(Records from a dataset)

☆ ☆ ☆

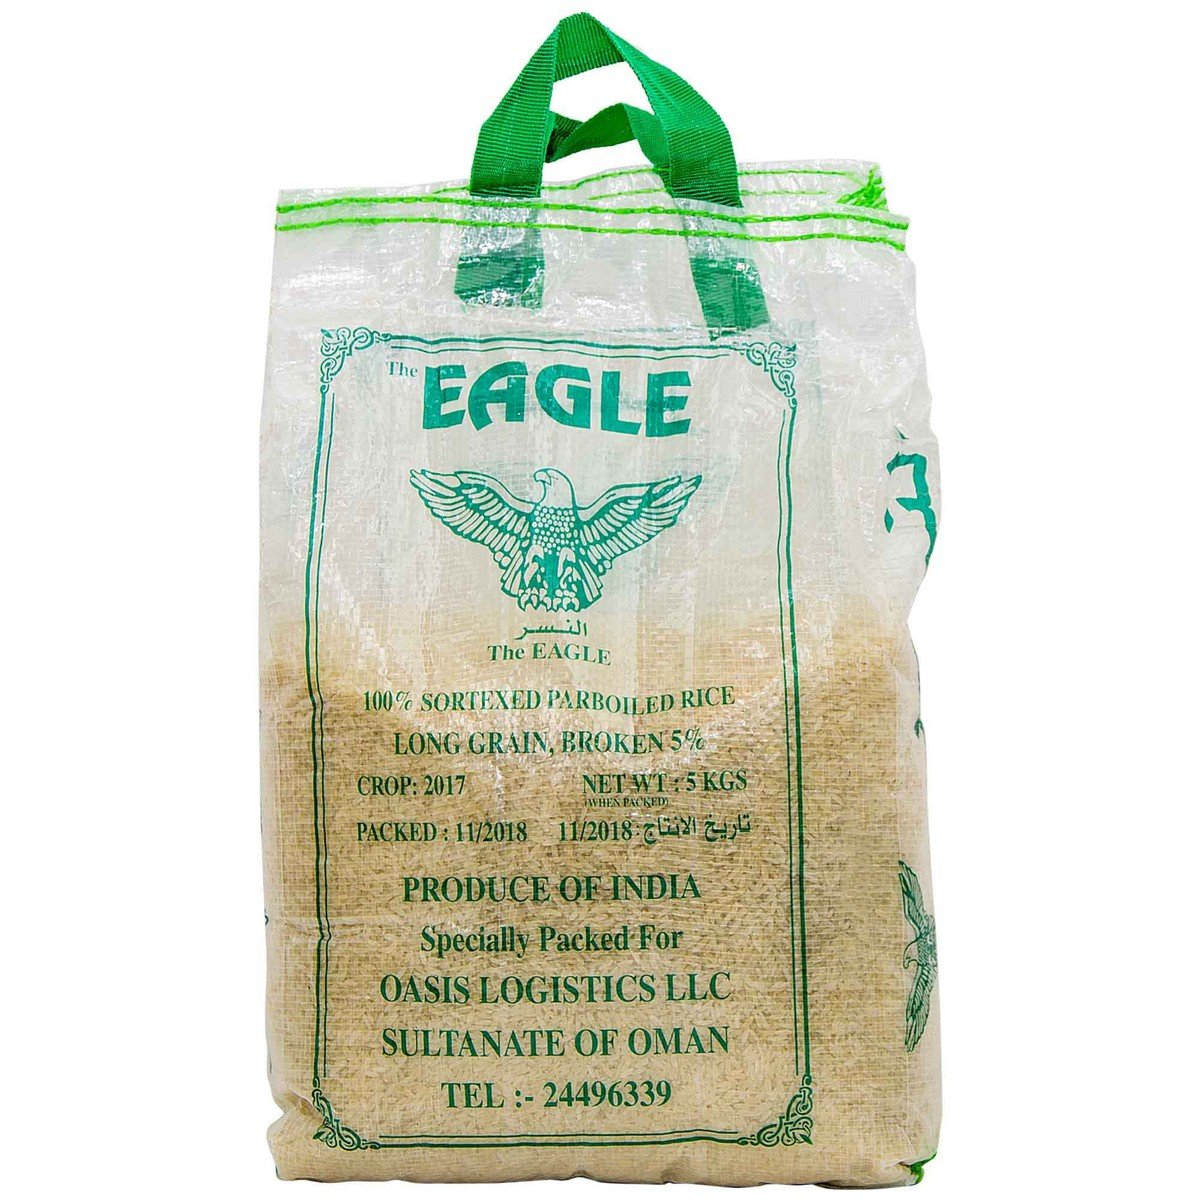 Eagle Indian 100 Sortexed Parboiled Long Grain Rice 5kg Online At Best
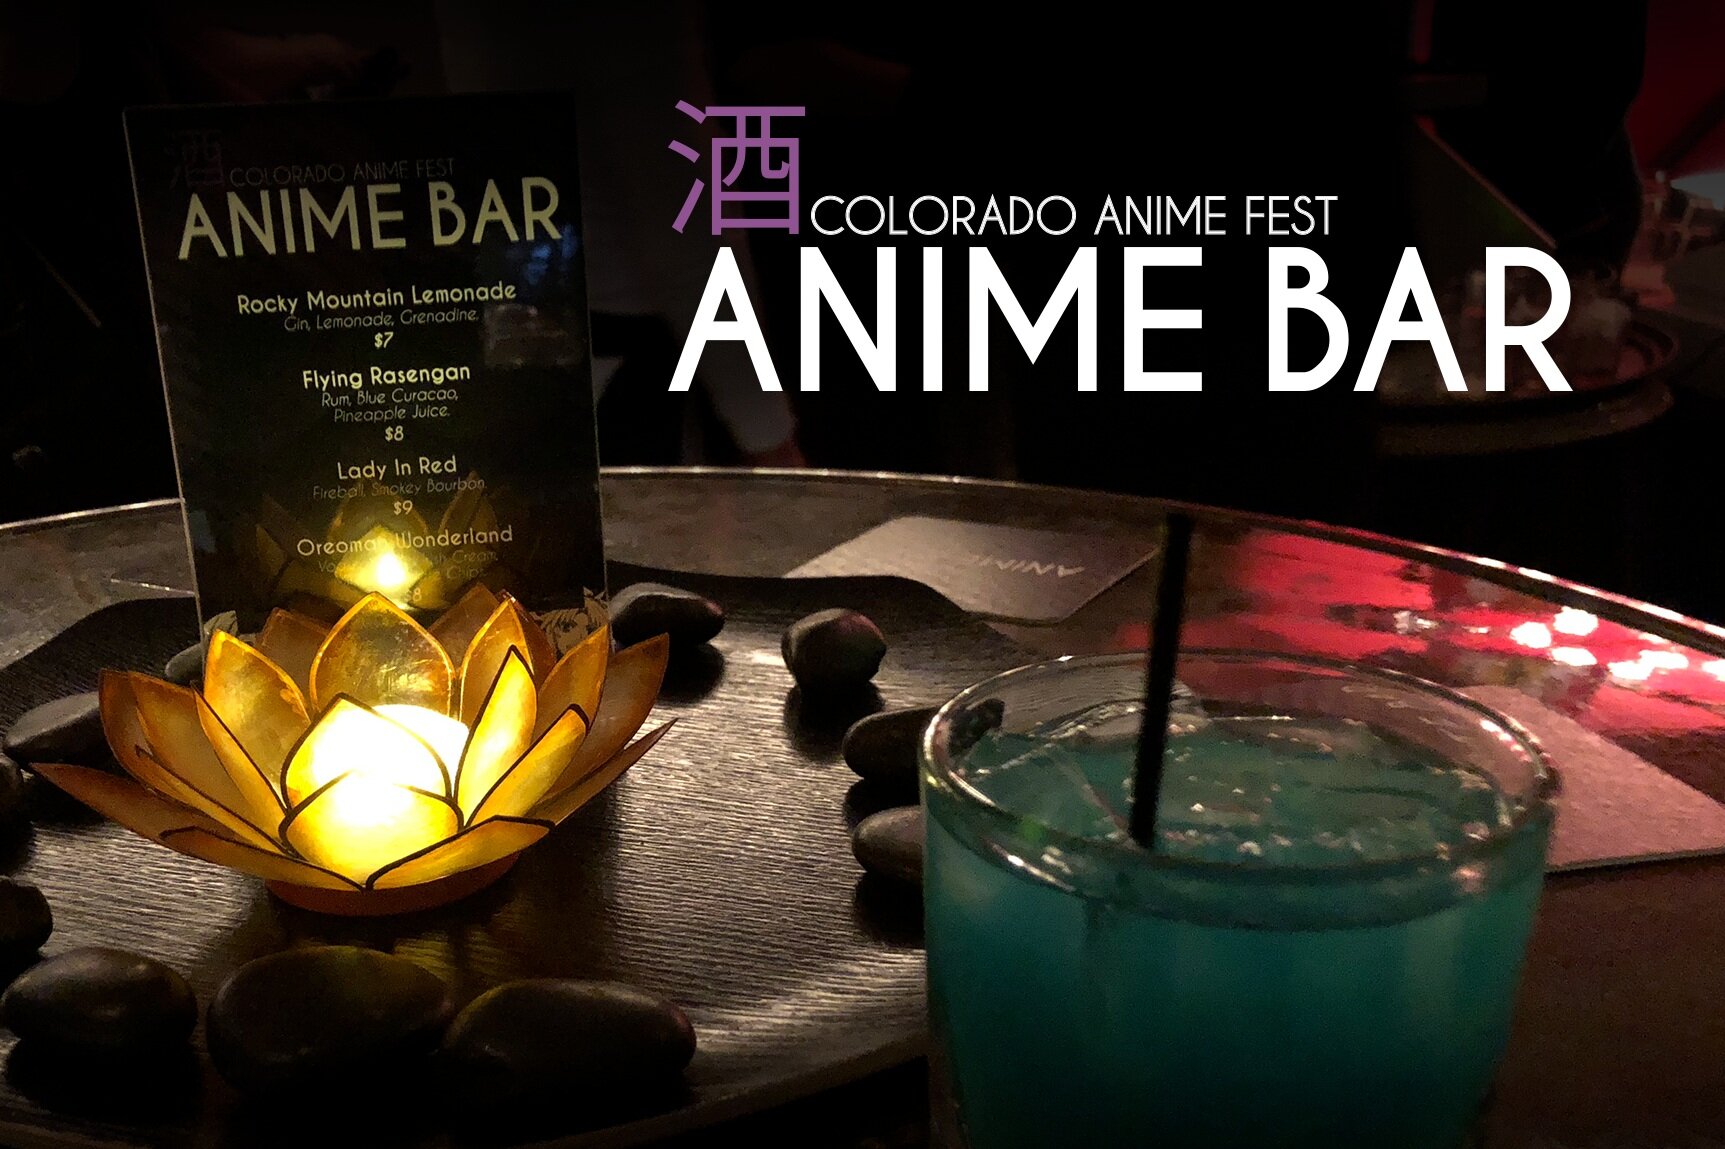 Anime Bar Colorado Anime Fest
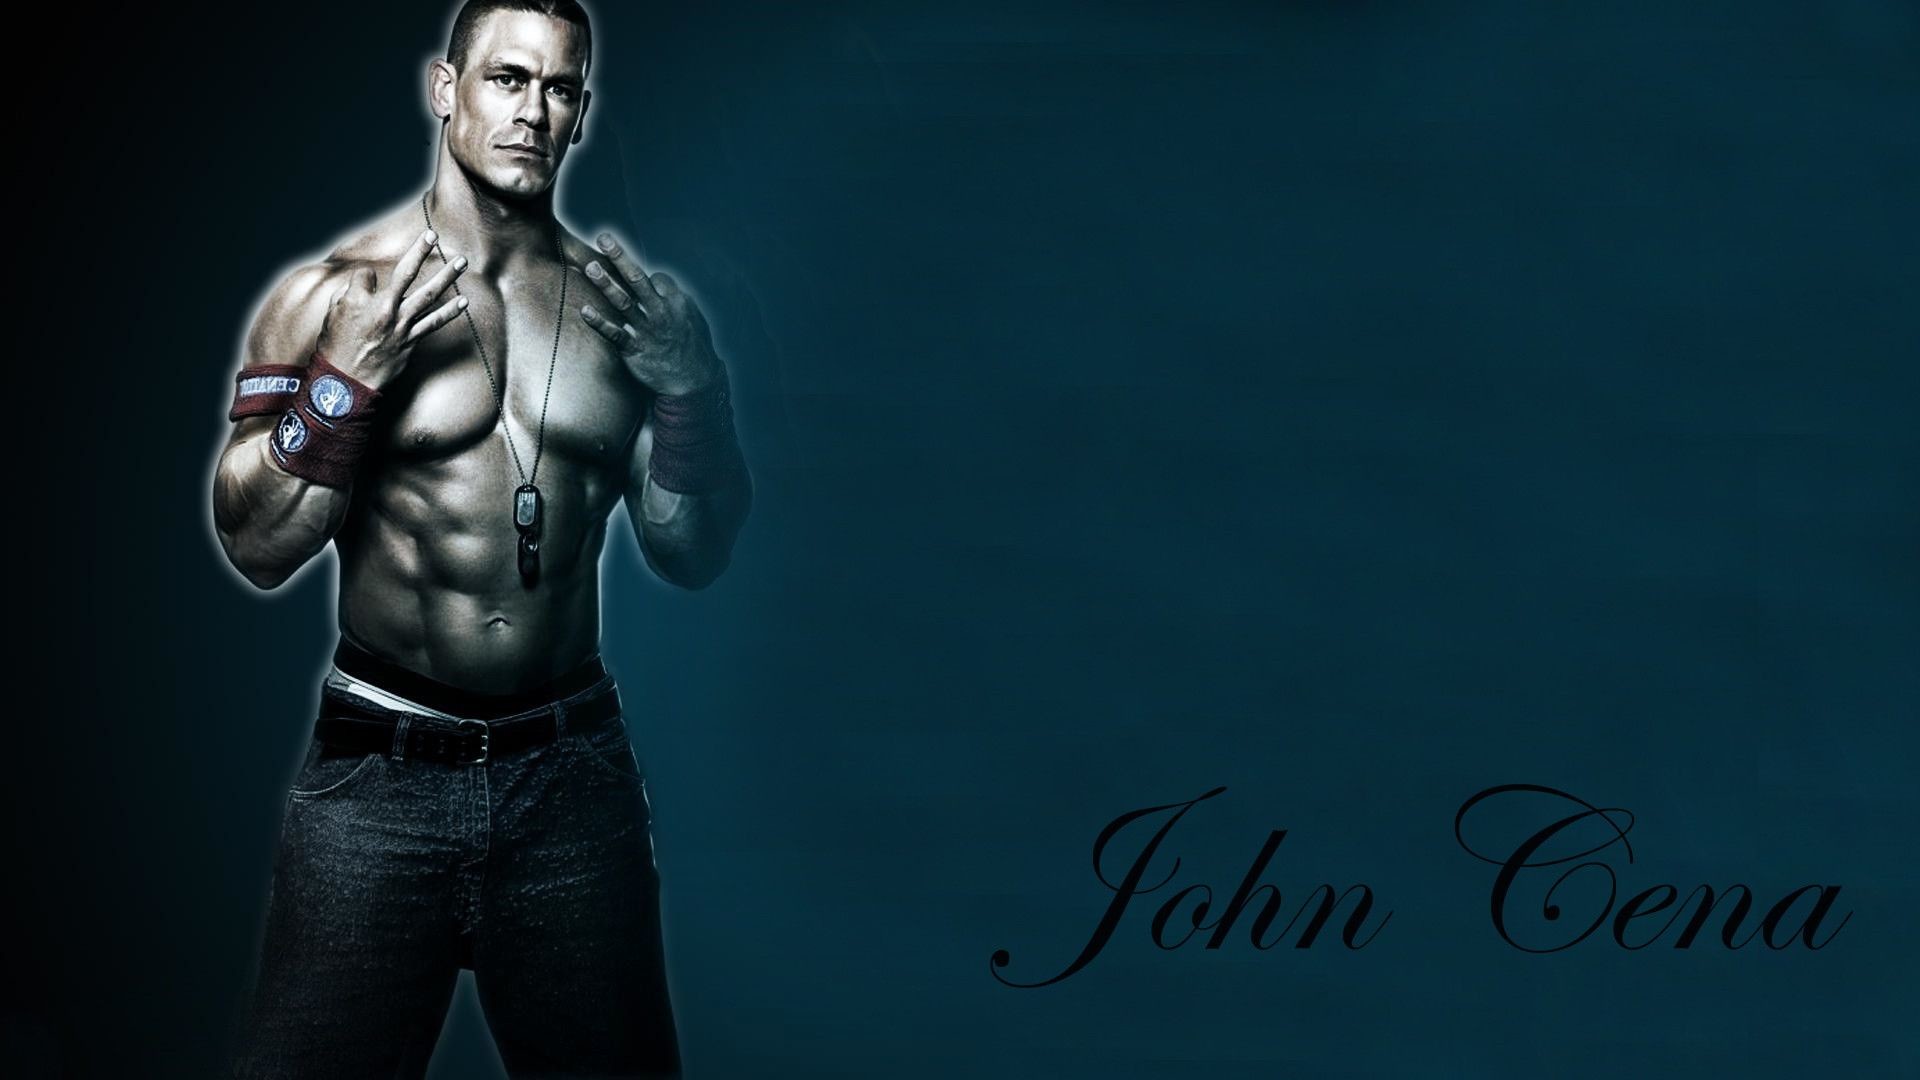 Wwe John Cena Wallpapers Hd Wallpaper 532ã—504 Pics - John Cena Hd  Wallpaper 1080p - 1920x1080 Wallpaper 
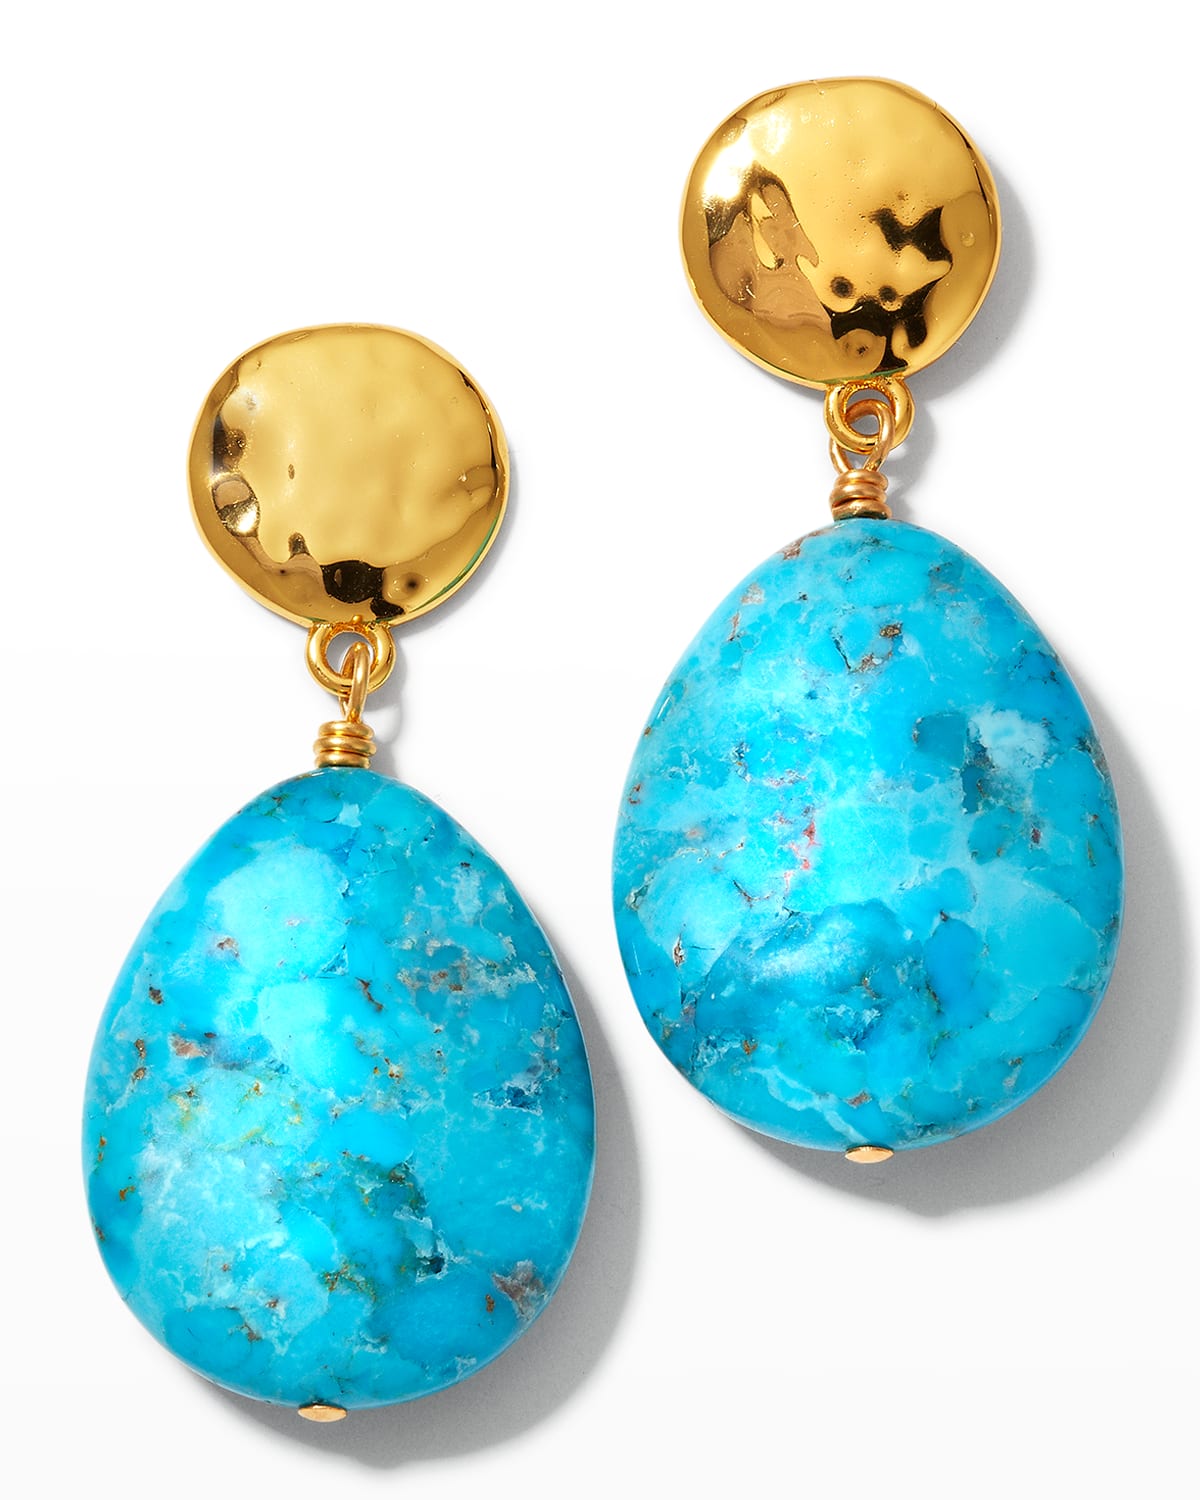 Teal/Turquoise Earrings
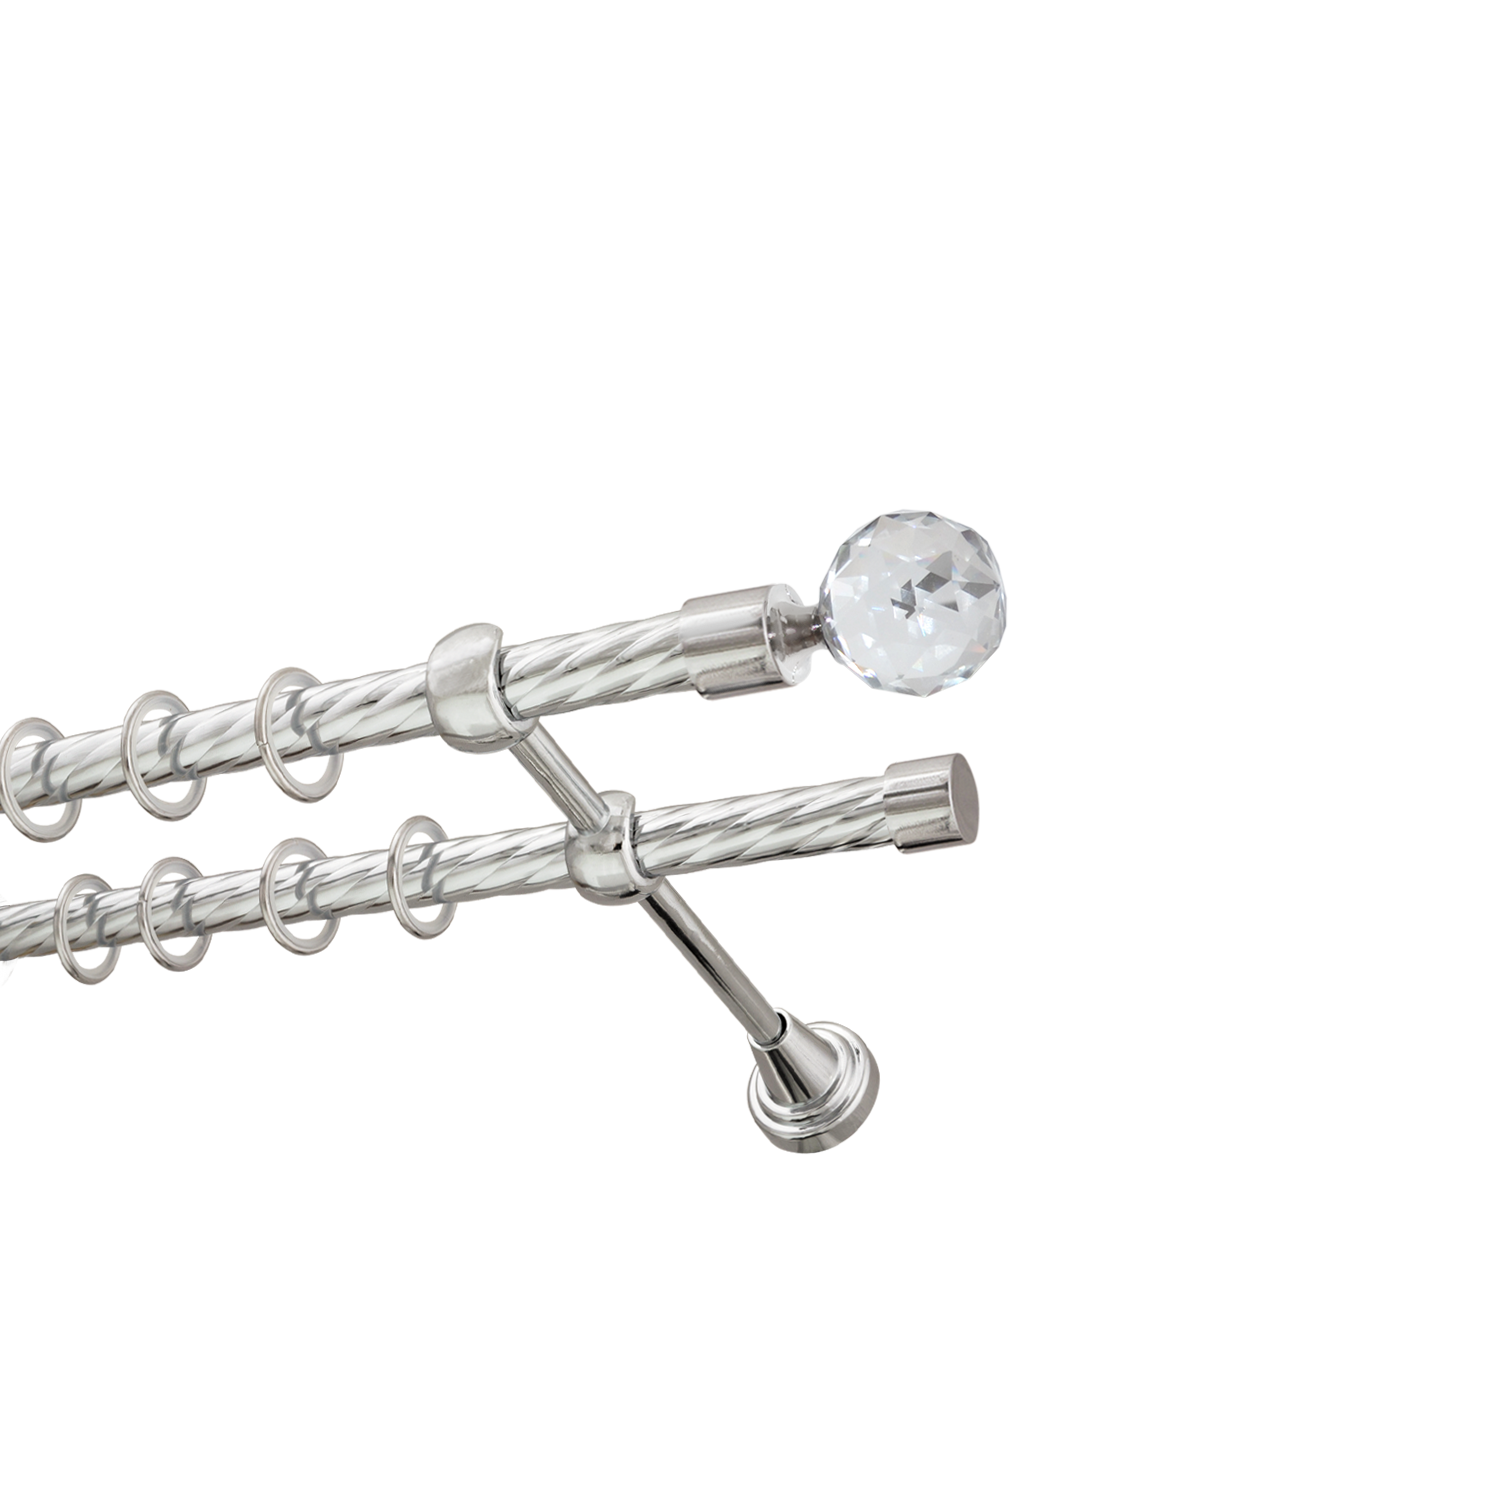 Металлический карниз для штор Карат, двухрядный 16/16 мм, серебро, витая штанга, длина 300 см - фото Wikidecor.ru

☆ ☆ ☆

■ WORK TO BE COMPLETED: Hand back all the entries exactly, leaving out the pictures.

■ EXERCISE ANSWER:
 Eagle Indian 100 Sortexed Parboiled Long Grain Rice 5kg Online At Best
 Anime Bar Colorado Anime Fest
 Wwe John Cena Wallpapers Hd Wallpaper 532ã—504 Pics - John Cena Hd  Wallpaper 1080p - 1920x1080 Wallpaper 
 Teal/Turquoise Earrings
 Металлический карниз для штор Карат, двухрядный 16/16 мм, серебро, витая штанга, длина 300 см - фото Wikidecor.ru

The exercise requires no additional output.